TV Western fans who are regular followers of "Gunsmoke" might find a surprising similarity between Marshal Matt Dillon, hero of this popular series, and lanky John L. Meston '37. This resemblance would not be merely accidental since Meston is the creator and writer of "Gunsmoke" and his wife and friends claim that he strongly resembles Dillon both physically and in personality. People sometimes stop him on the street thinking he is actor James Arness who plays Marshal Dillon on the CBS-TV weekly series.

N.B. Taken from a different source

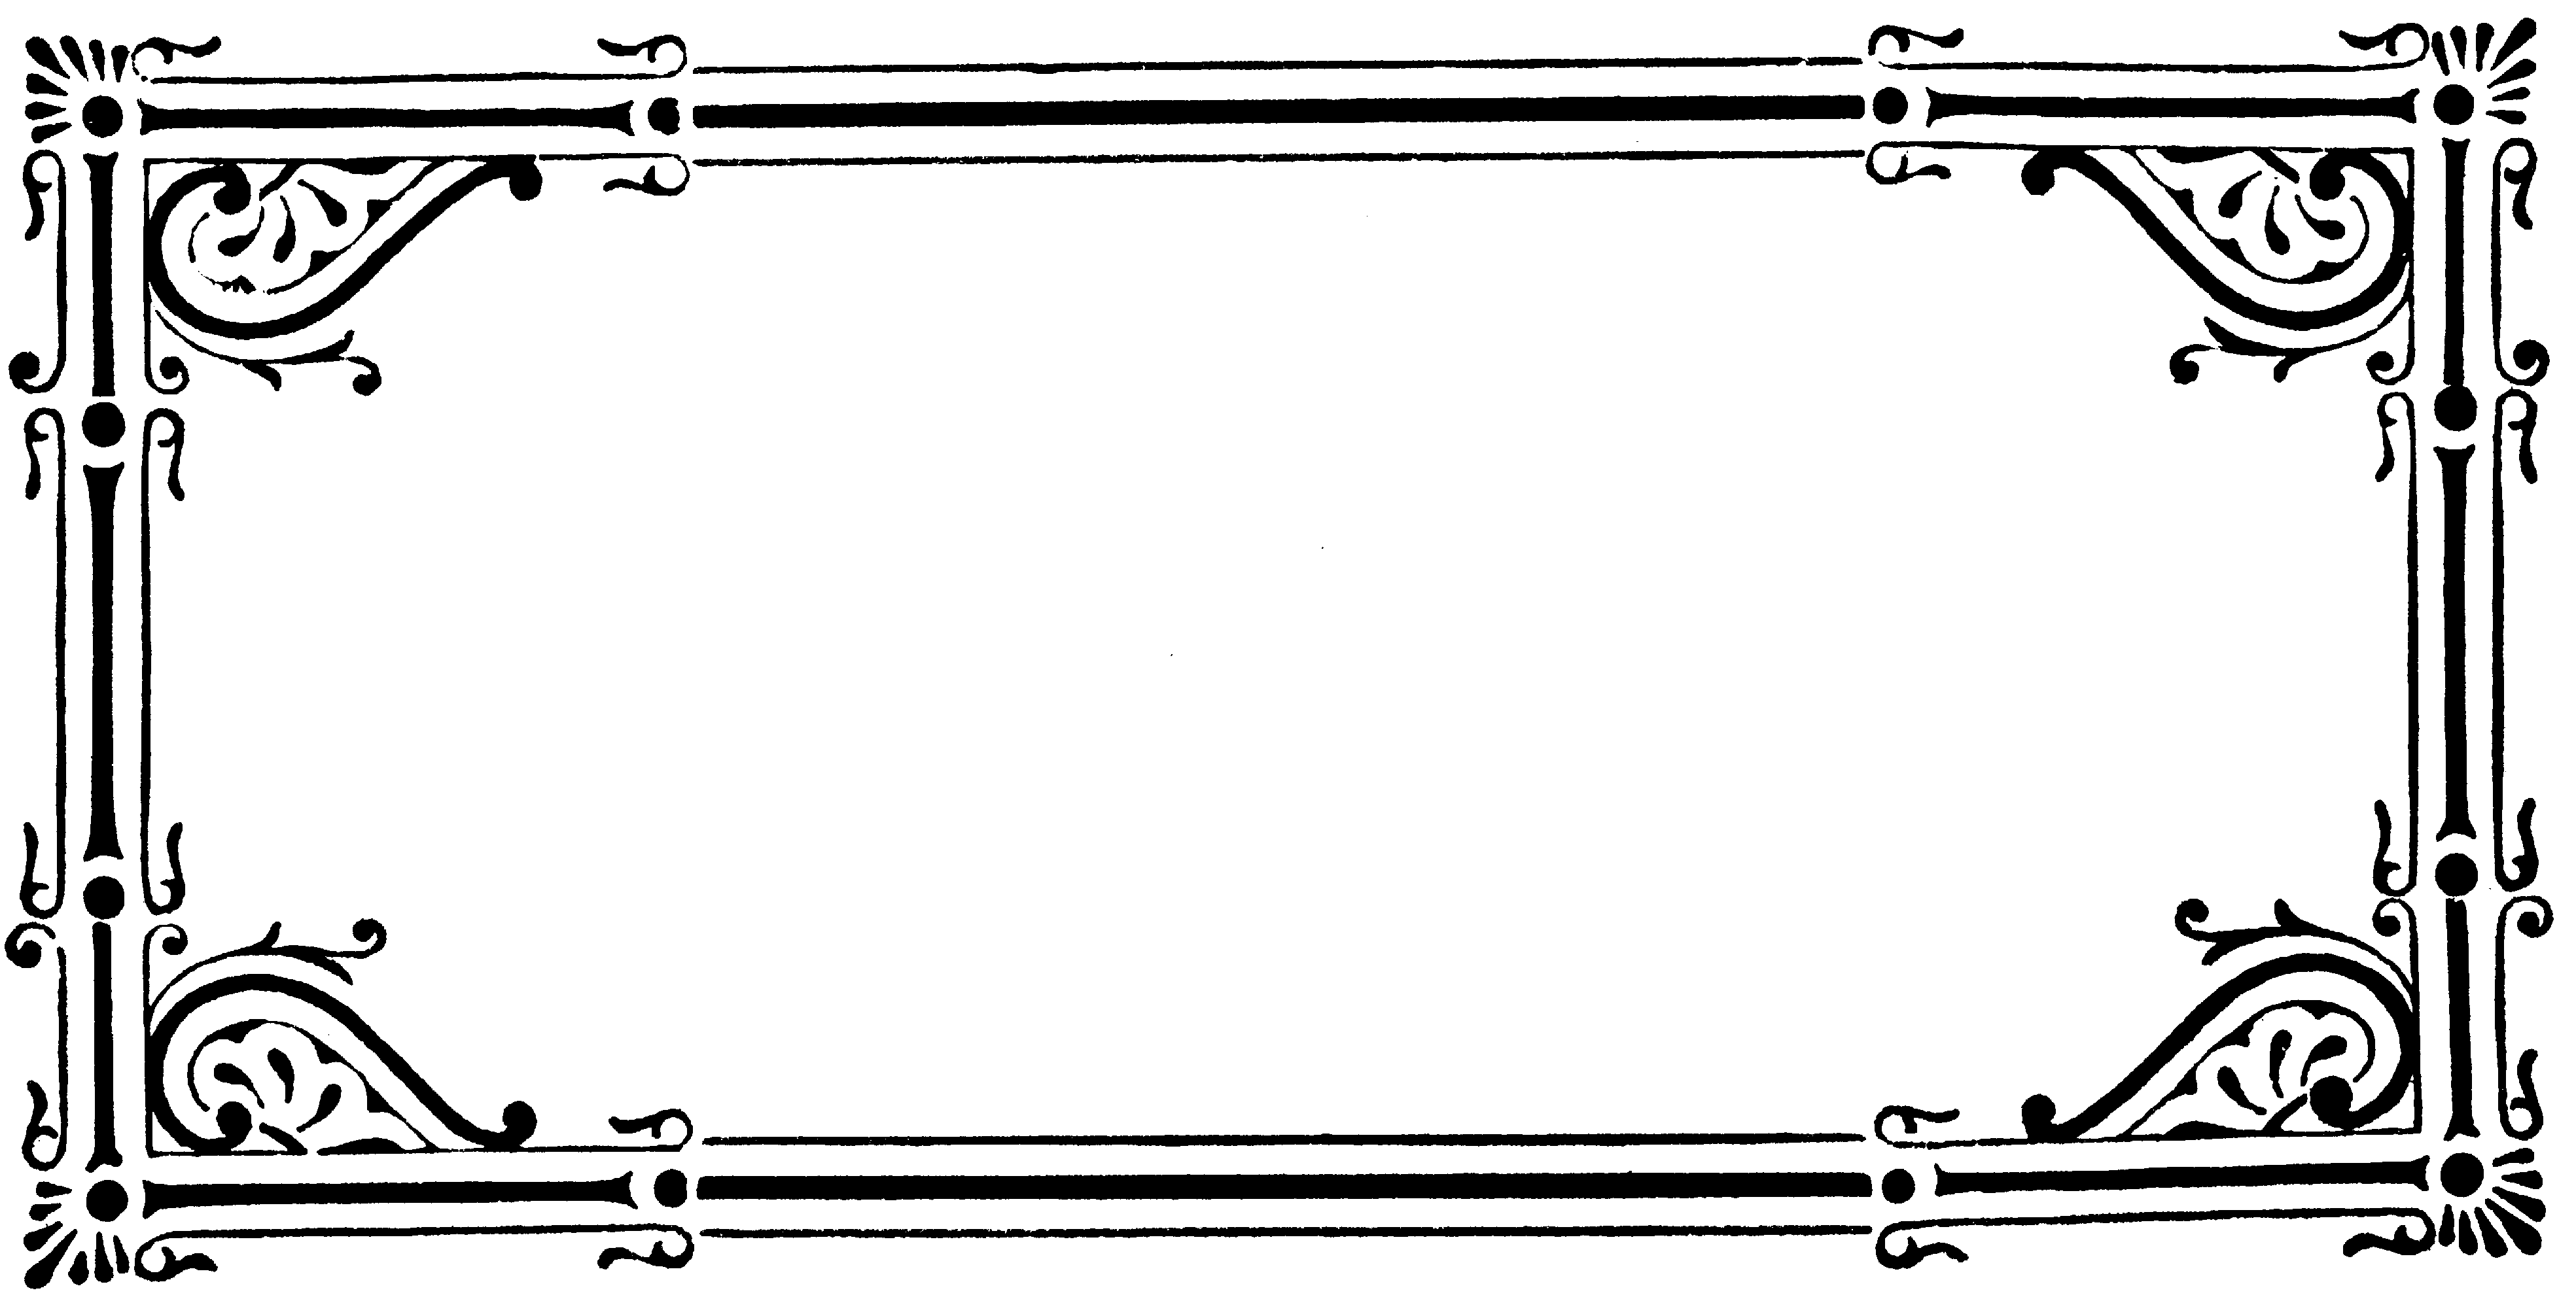 Как рисунок сделать фоном для текста

Meston, like his hero, is tall, husky and sandy-haired; and he has no lack of background for writing westerns. He grew up in Colorado and is at home riding a horse or roping a calf. Although he loved the West, Meston came east to Dartmouth, studied in France after graduation, and was working on a Harvard Ph.D. thesis on the 17th-century French symbolists when World War II came along and interrupted things. After his war service he joined CBS radio as a story editor and had a hand in producing the original "Gunsmoke" that started out on radio. This is the radio series' eighth year of existence and Meston still supervises the scripts.

When "Gunsmoke" began, Meston claims they were determined to avoid every cliche of the grade B western movies. Everything was done the opposite way - plot, language and especially character. Marshal Dillon has been made a fallible human being, and he has been out-talked, out-drawn, out-shot, and out-just-about-everything during the history of the program.

"It's not easy," says Meston, "but we keep trying."

Recently wed to the celebrated lady bullfighter Betty Ford, Meston and his wife have gone to Spain for the year where he still regularly writes his "Gunsmoke" scripts while working on a biography of his wife on the side.